Location
- 4525 E. Baseline Rd. Gilbert 85234 United States

Information
- School type: Charter
- Established: 2006
- Headmaster: Mark McAfee
- Grades: 6-12
- Enrollment: 410 students (2013-14)
- Colors: Dark green and black
- Mascot: Chargers
- Affiliation: Great Hearts Academies
- Website: areteprepacademy.greatheartsamerica.org

= Arete Preparatory Academy =

Charter school in Gilbert, Arizona, United States

Great Hearts Arete Preparatory Academy (formerly Mesa Preparatory Academy) is a charter school in Gilbert, Arizona. It is part of Great Hearts Academies.

In 2014, the school moved to a location in Gilbert.
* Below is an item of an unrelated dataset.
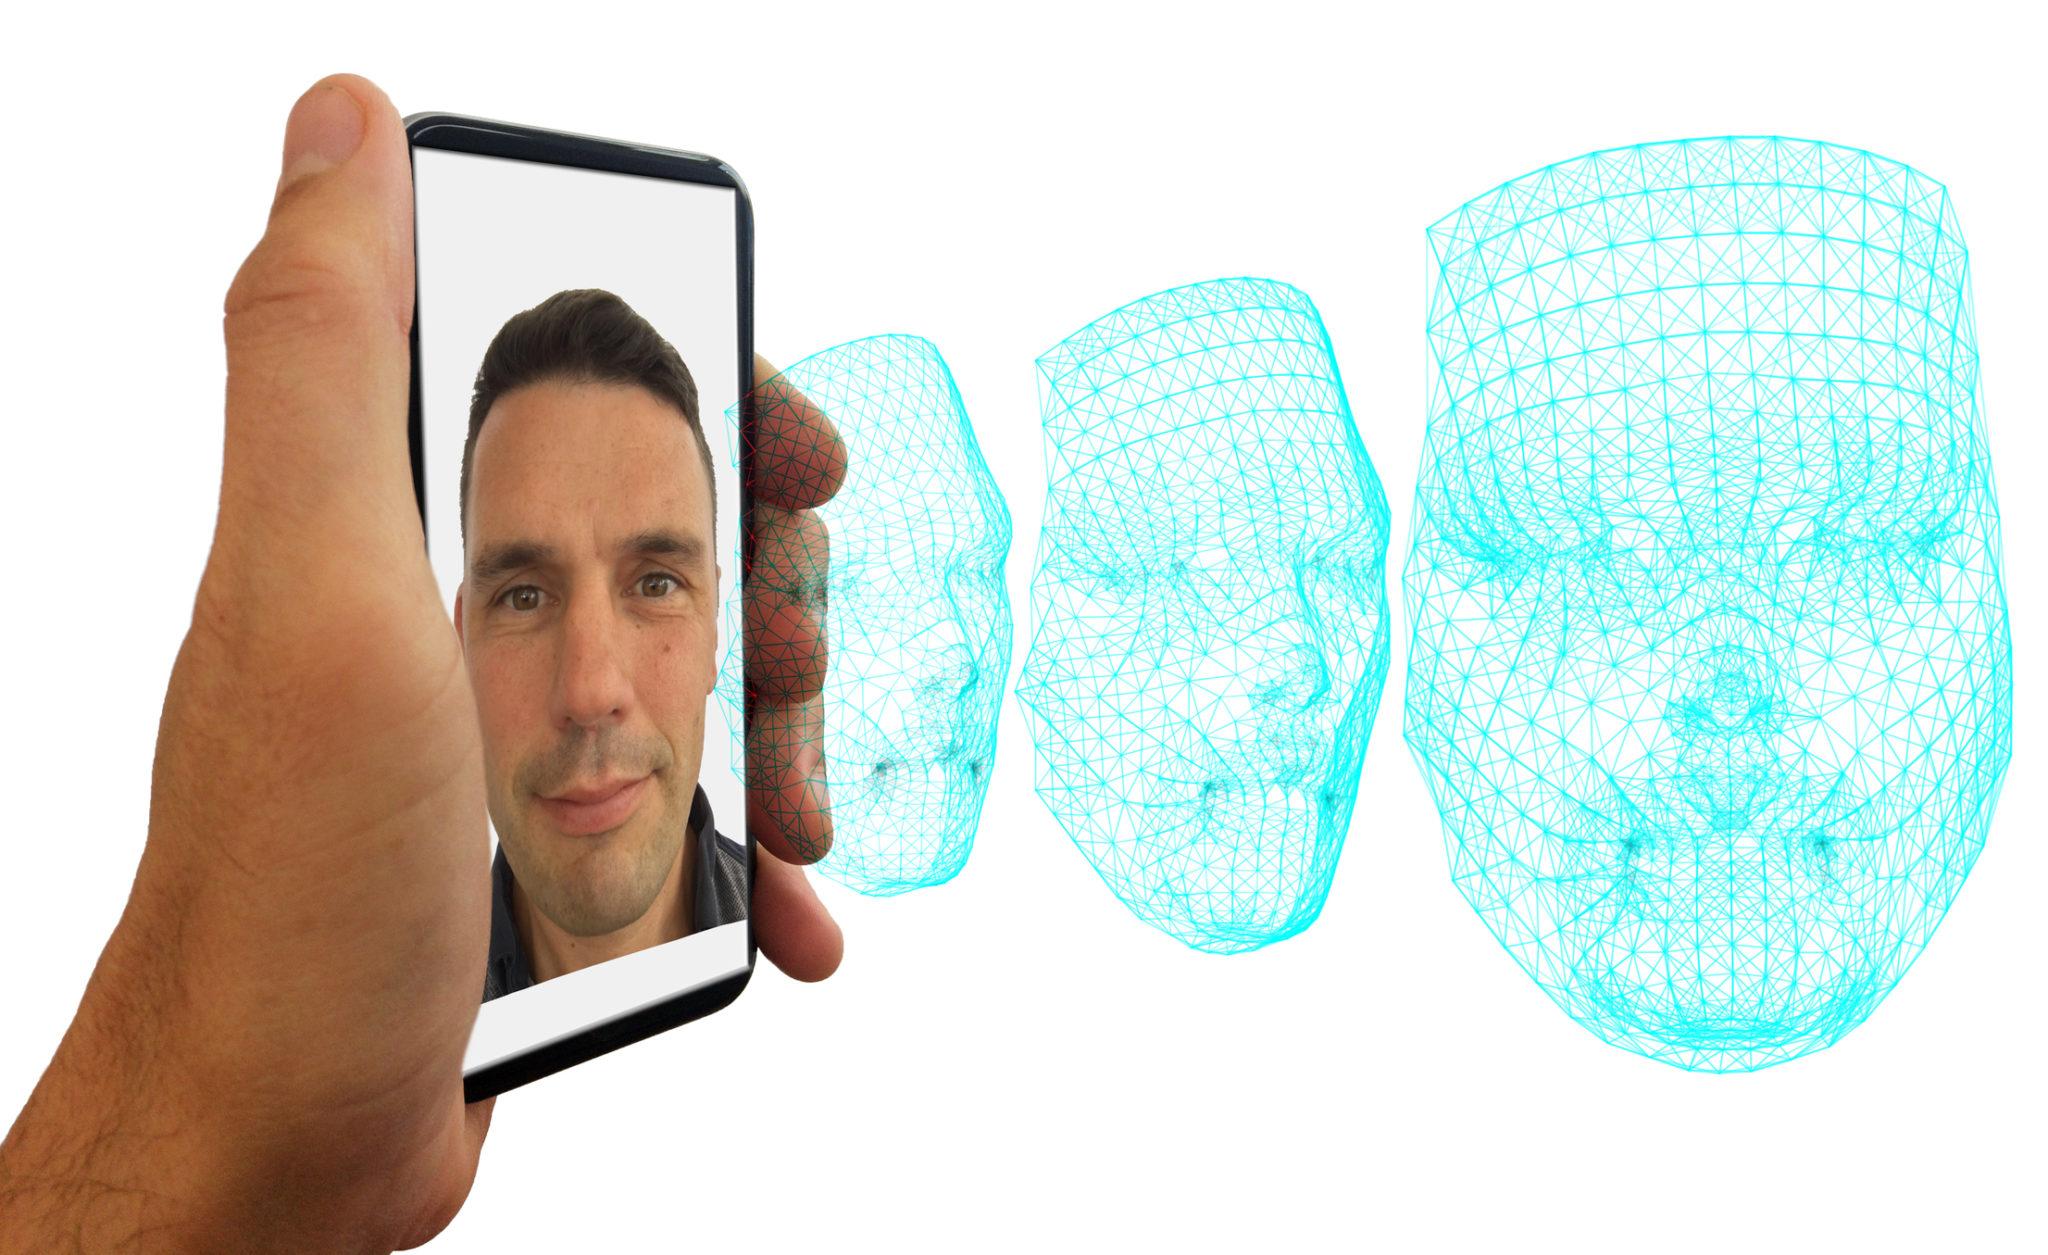 ARkit facial recognition

The school changed its name to Great Hearts Arete Prep and its mascot from Monsoons to Chargers.

==Curriculum==
The school's curriculum places a heavy emphasis on the Greco-Roman world and classical studies, with students studying Latin in middle school and, if elected, Greek in high school.

==Athletics==
Arete Prep (while under the Mesa Prep name) became a full member of the Arizona Interscholastic Association for high school athletics in the 2012-13 school year.

In May 2012, Mesa Preparatory Academy won the Charter Athletic Association state baseball championship, after Our Lady of Sorrows Academy in Phoenix, a traditionalist Catholic school affiliated with the Society of St. Pius X, refused to play in (and thus forfeited) the championship game against Mesa Prep because MPA's team included a female infielder.